Leiden vorausgeahnt

von Redaktion

Der „Messias“ in der Isarphilharmonie

Der Namenspatron schwingt beim Münchner Bach-Chor immer latent im Hinterkopf mit. Das gehört einfach zur Identität des traditionsreichen Ensembles und war nun auch deutlich zu spüren, als man in der Isarphilharmonie den „Messias“ zur Aufführung brachte. Denn obwohl Georg Friedrich Händel in seinem populären Oratorium das Leiden Christi bewusst durch den Jubel der Verkündigung und das Wunder der Auferstehung ausbalancierte, schien Dirigentin Johanna Soller die Passionsgeschichte schon im ersten Teil vorauszuahnen. Und so war es zunächst noch ein eher zurückhaltendes Jauchzen des Chores, das erst beim „For unto us a Child is born“ seine volle Wucht entfalten durfte.
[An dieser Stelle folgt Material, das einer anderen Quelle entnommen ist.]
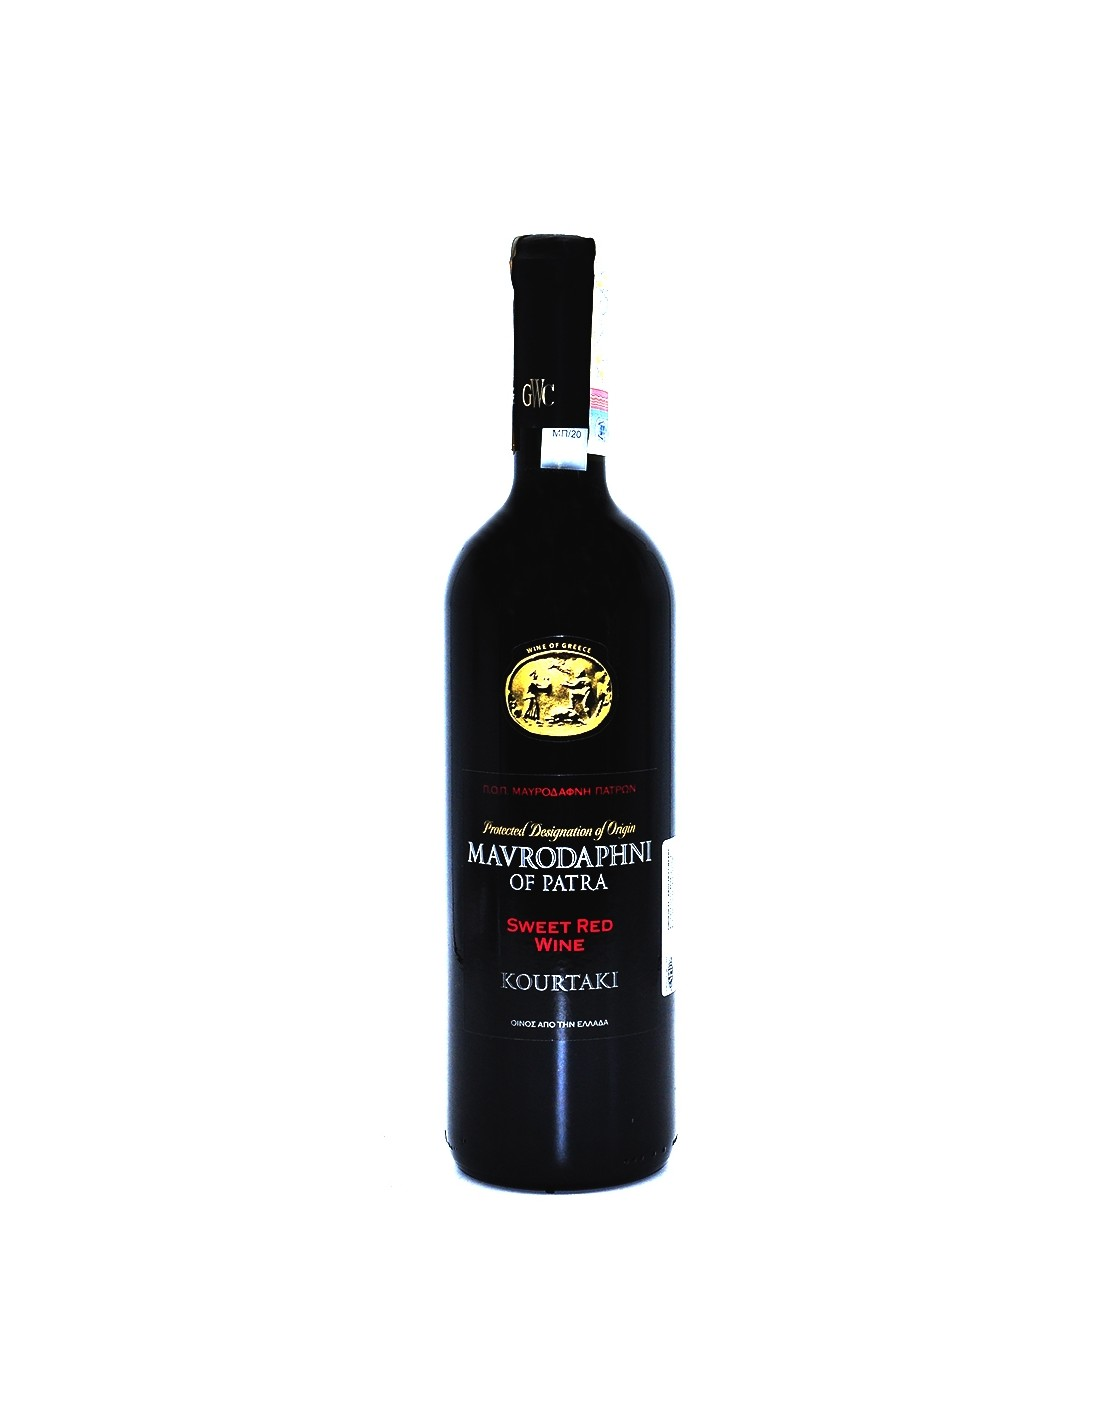 Vin rosu dulce, Korinthiaki Mavrodaphne of Patras , 0.75L, 15% alc., Grecia
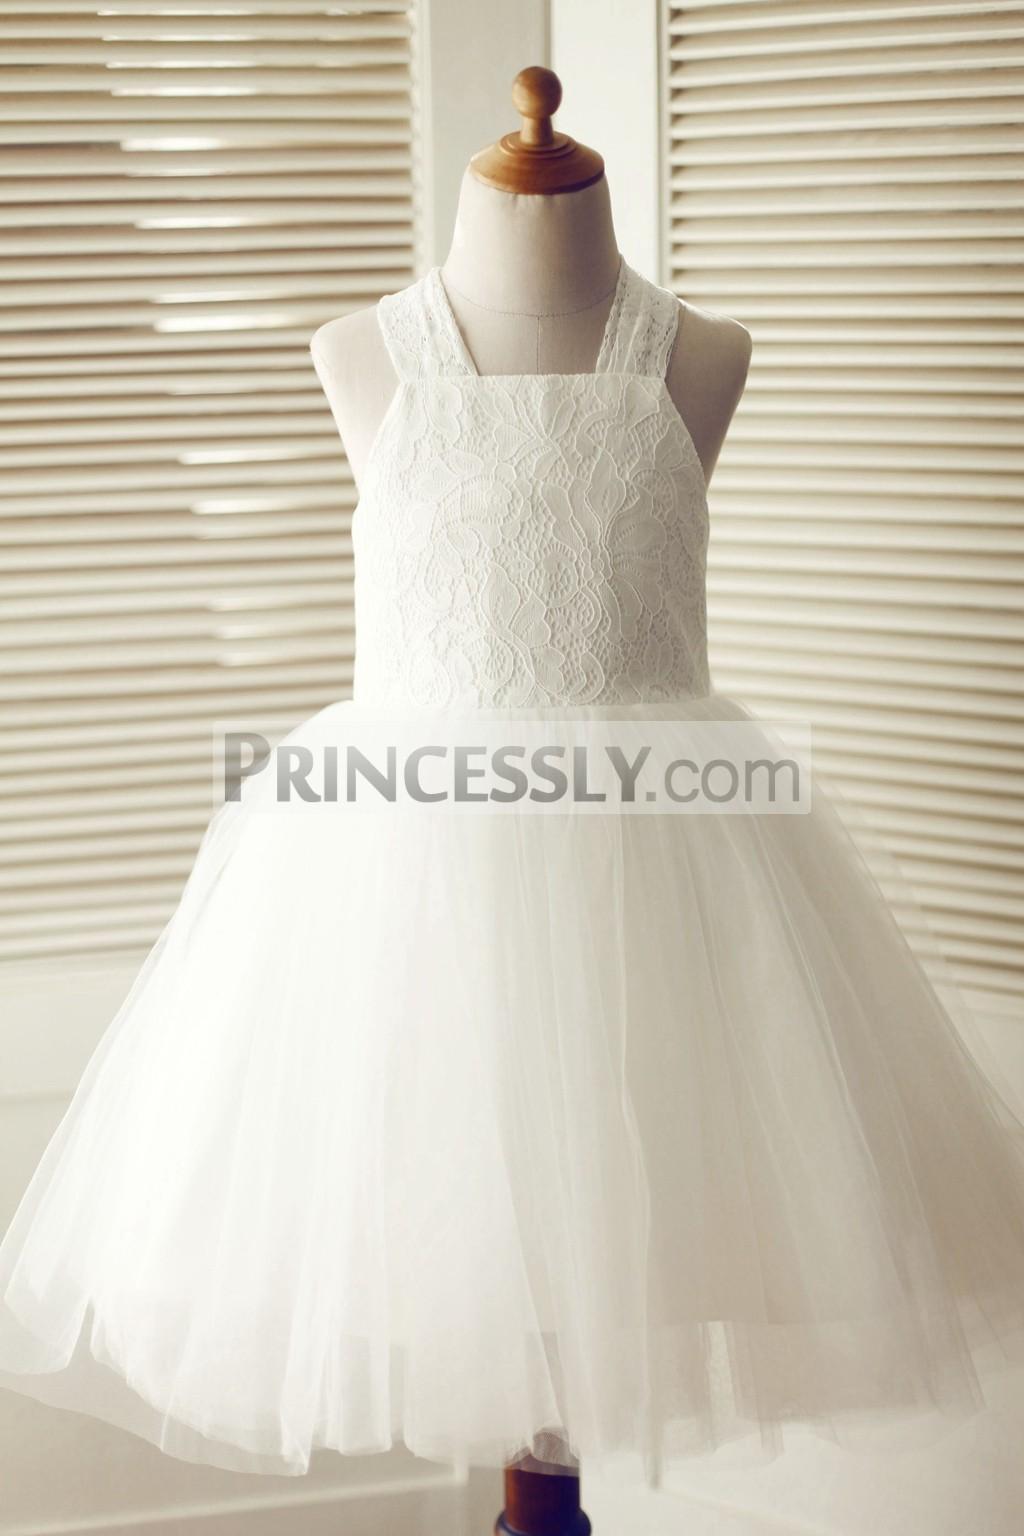 Cross Backless Ivory Lace Tulle Wedding Flower Girl Dress

Eher leicht besetzt war folgerichtig auch das Solisten-Quartett, aus dem Krystian Adam herausstach, der mit biegsamem Tenor bereits in seiner ersten Arie die Messlatte hoch legte. In ähnlichen Sphären durfte man aber ebenso Carine Tinney verorten, die mit klarem, instrumental geführtem Sopran gefiel. Während Grace Durham und Peter Harvey in den tieferen Lagen solide Leistung brachten, aber insgesamt doch eher unauffällig blieben.

Das transparente Klangbild, auf das Soller ihren Chor und das stilistisch nicht minder sauber agierende Bach-Orchester getrimmt hatte, stand dieser Interpretation durchaus gut zu Gesicht. Da wurde selbst das vertraute „Hallelujah“ nicht nur als donnernde Bravournummer abgefeiert, sondern vom Chor differenziert angegangen und wirkungsvoll gesteigert. Und so war auch schnell wieder vergessen, dass sich die Dirigentin mit ihren breiten Tempi und ausgereizten Generalpausen hin und wieder doch ein wenig verkünstelt hatte. Für leichte Irritation sorgte vor allem die Pause, die mitten im zweiten Teil gesetzt wurde und den Chor „Lift up your heads“ etwas in der Luft hängen ließ. Wobei der Faden danach zum Glück schnell wieder aufgenommen wurde.